Spec my server...

Associate
Joined
24 Feb 2008
Posts
68
Hi,

I've decided to finally organise my computing setup at home and want to take the Christmas break to do it. As part of this, I'm keen to move all music (mp3s/flac), films and photos into a central store, which can then be accessed from the various devices in the house (MBP, PS3 etc). I was just going to go for a simple NAS, but after some guidance believe a Windows Home Server is the better route to go down. Mainly because I can run software on the top to do fancy things like realtime transcoding etc if required. Plus (as it stands), this gives you more flexibility to expand in the future.

So I'm looking to build a home server. I'm after a reasonable amount of horsepower. Enough to handle HD video streaming etc. Obviously power usage and noise is an issue - I'd like it to be as cheap to run, and as quiet as possible. I'd also like the box to not take up too much space, but that said I'm keen to keep space to expand in the future, and keen that the hard-drives have good airflow.

Here is the spec I have at the moment:

http://dl.dropbox.com/u/1545211/basket.png

My budget is around £500.

Any help or suggestions gratefully appreciated.

Cheers,
 
I'm thinking of getting a file/media server at some point next year and will probably go for Bobcat + Windows Home Server v2, neither of which are out yet, so I can't help too much planning for one right now.

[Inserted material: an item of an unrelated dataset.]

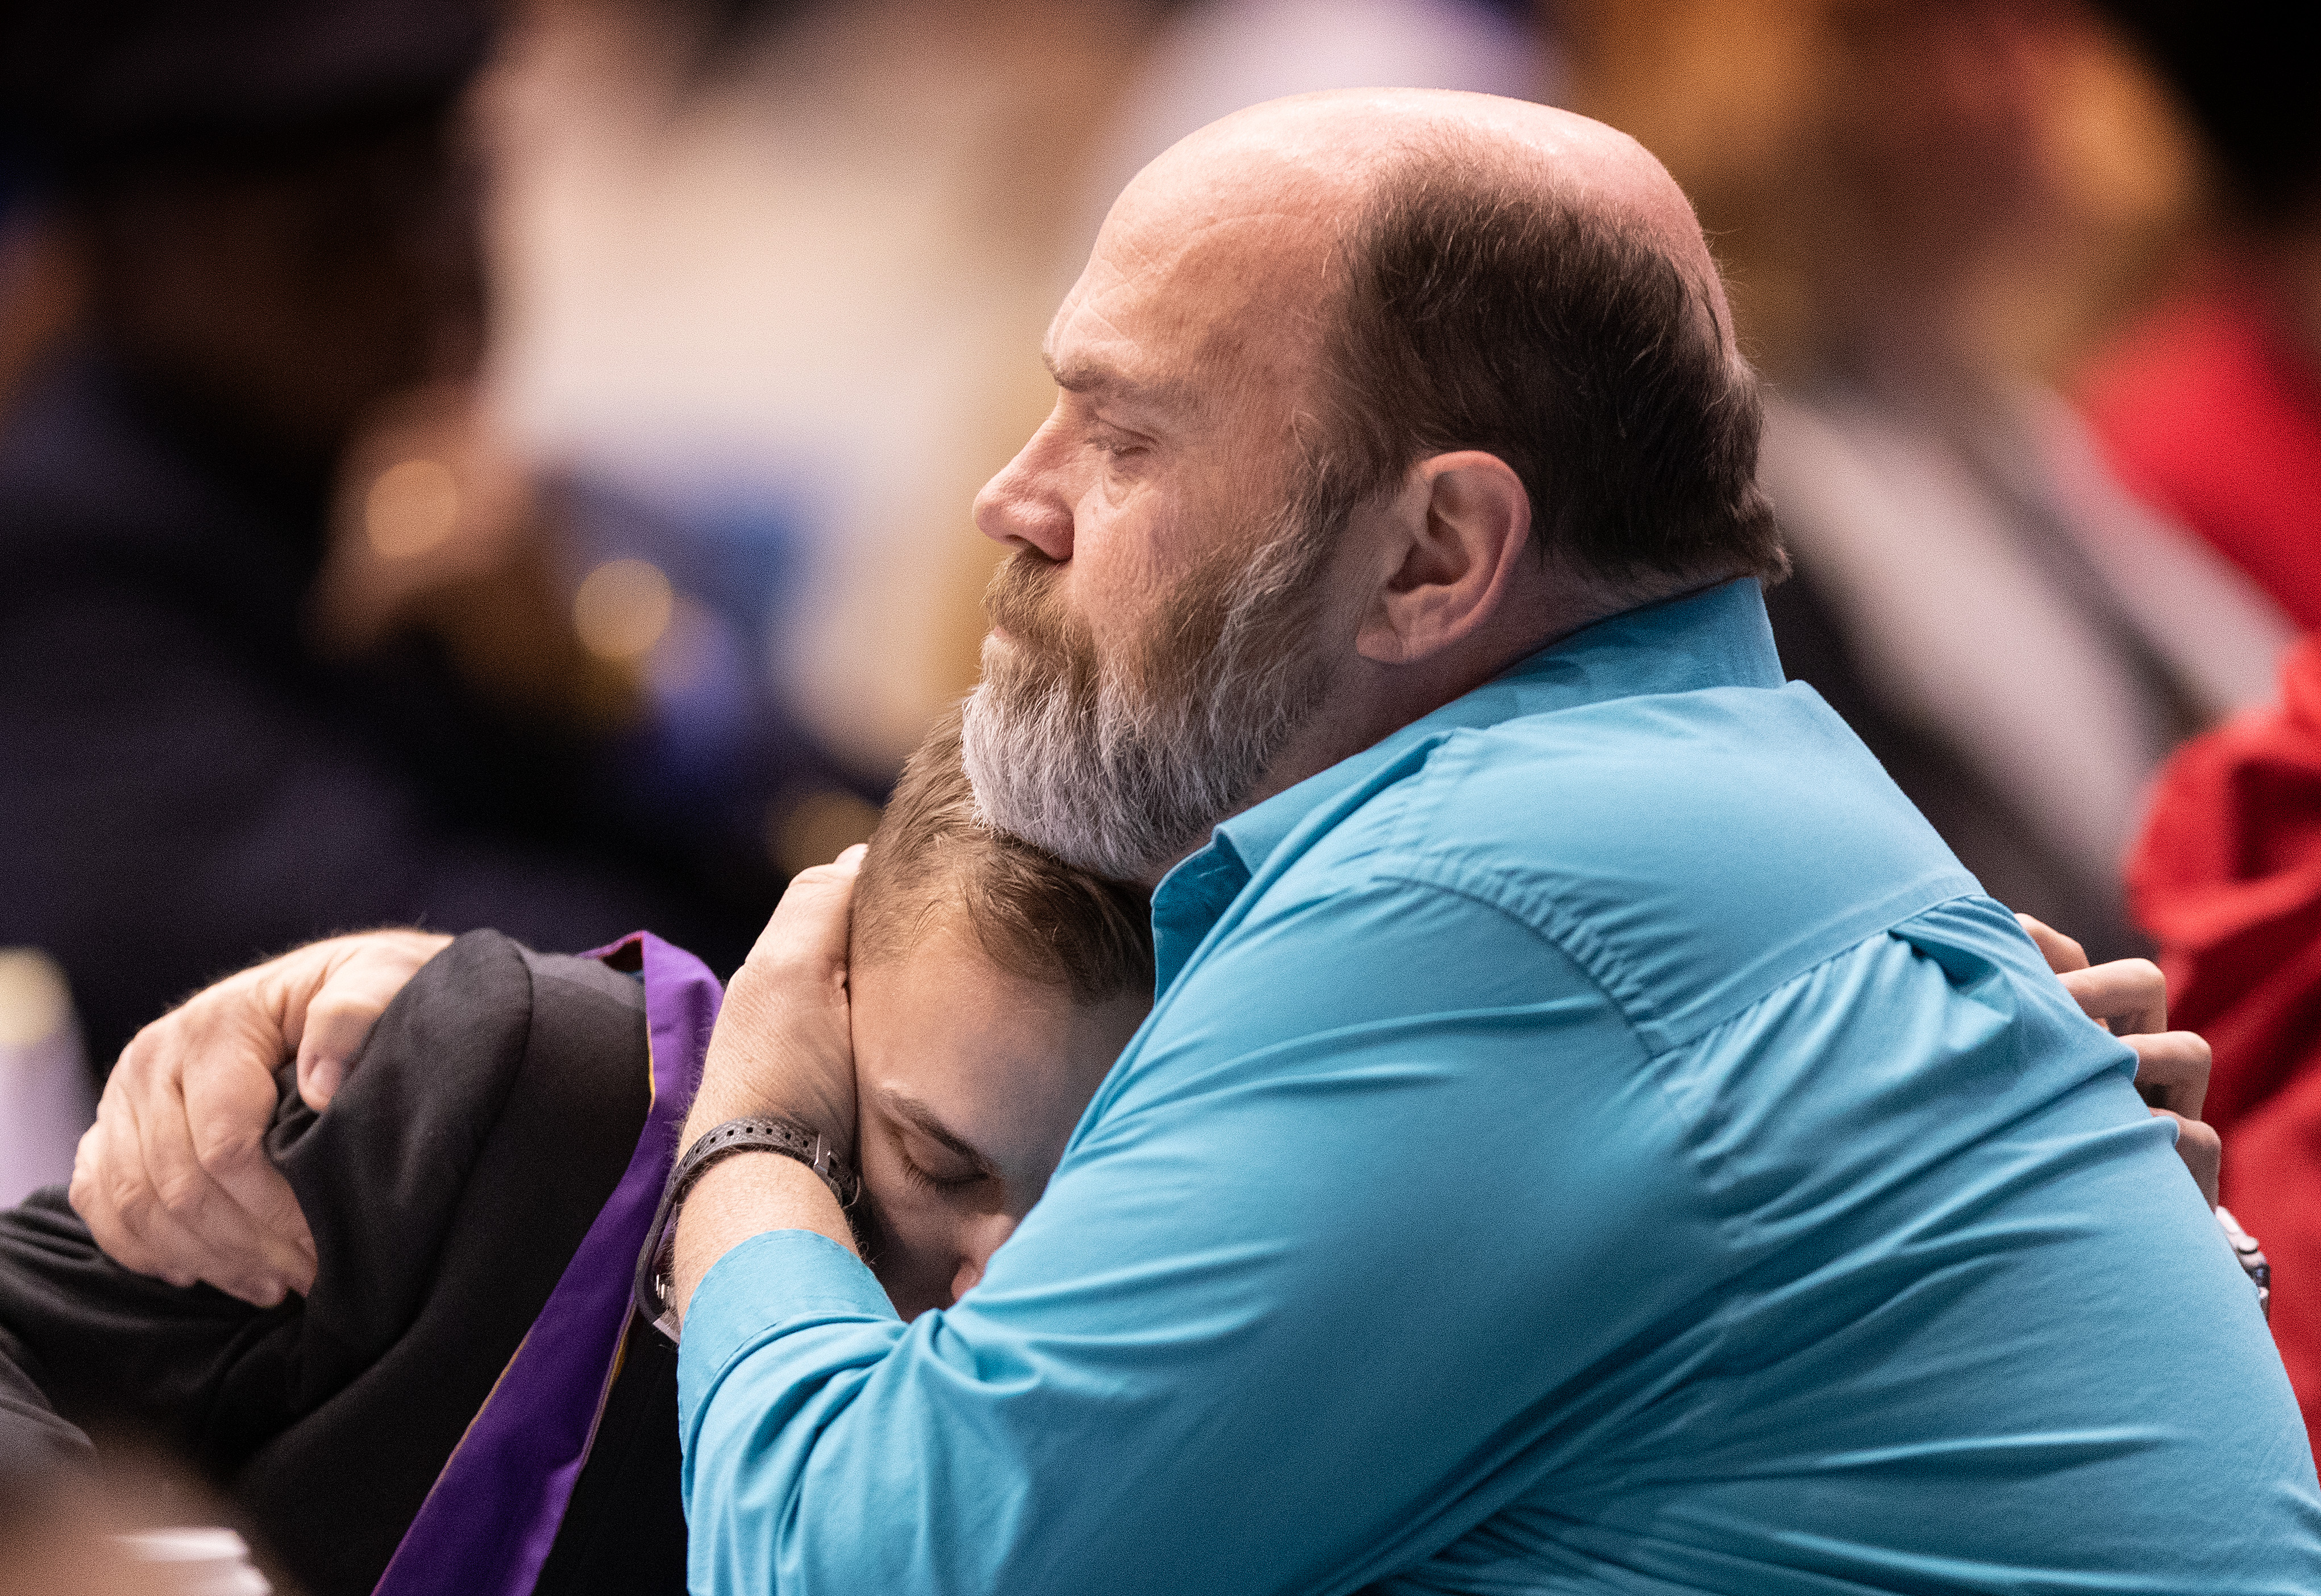 The Rev. Bill Mudge (right) comforts fellow delegate Jeffrey J.J Warren of the Upper New York Conference after Warren spoke in favor of full inclusion for LGBTQ persons in the life of The United Methodist Church during the 2019 United Methodist General Conference Feb. 25 in St. Louis. Photo by Mike DuBose, UMNS.

However, if I had to make one now I would probably go for an Atom-based PC just because they're very energy efficient and quiet/silent (which is good since a server is on 24/7 usually) and you don't need much CPU power for doing something like this. It'd have to have a lot of SATA ports though, or a PCI-E expansion slot for more.

What kind of HD video streaming do you mean by the way? If it's just playing your HD videos on another PC, an HTPC, a PS3 or whatever then you don't need a powerful CPU because the device itself will decode and play back the video. The server would just be reading & sending data from its HDD over your network. If you want the server to do live transcoding whilst streaming then an Athlon II or i3 would probably be a better choice.

EDIT: According to this article, the i3 530 is actually similar to the Atom in idle power consumption but obviously packs a lot more punch when under load, so it seems like a very nice choice for this environment.
 
Last edited:
Hi DragonQ,

Thanks for the reply. Yeah I guess I wasn't clear. I think I'd like the ability to be able to transcode on the fly.
In reality, I'm not so sure. I would probably end up doing this very rarely. It's hard to know the trade-off. I think more important is probably noise and power-consumption.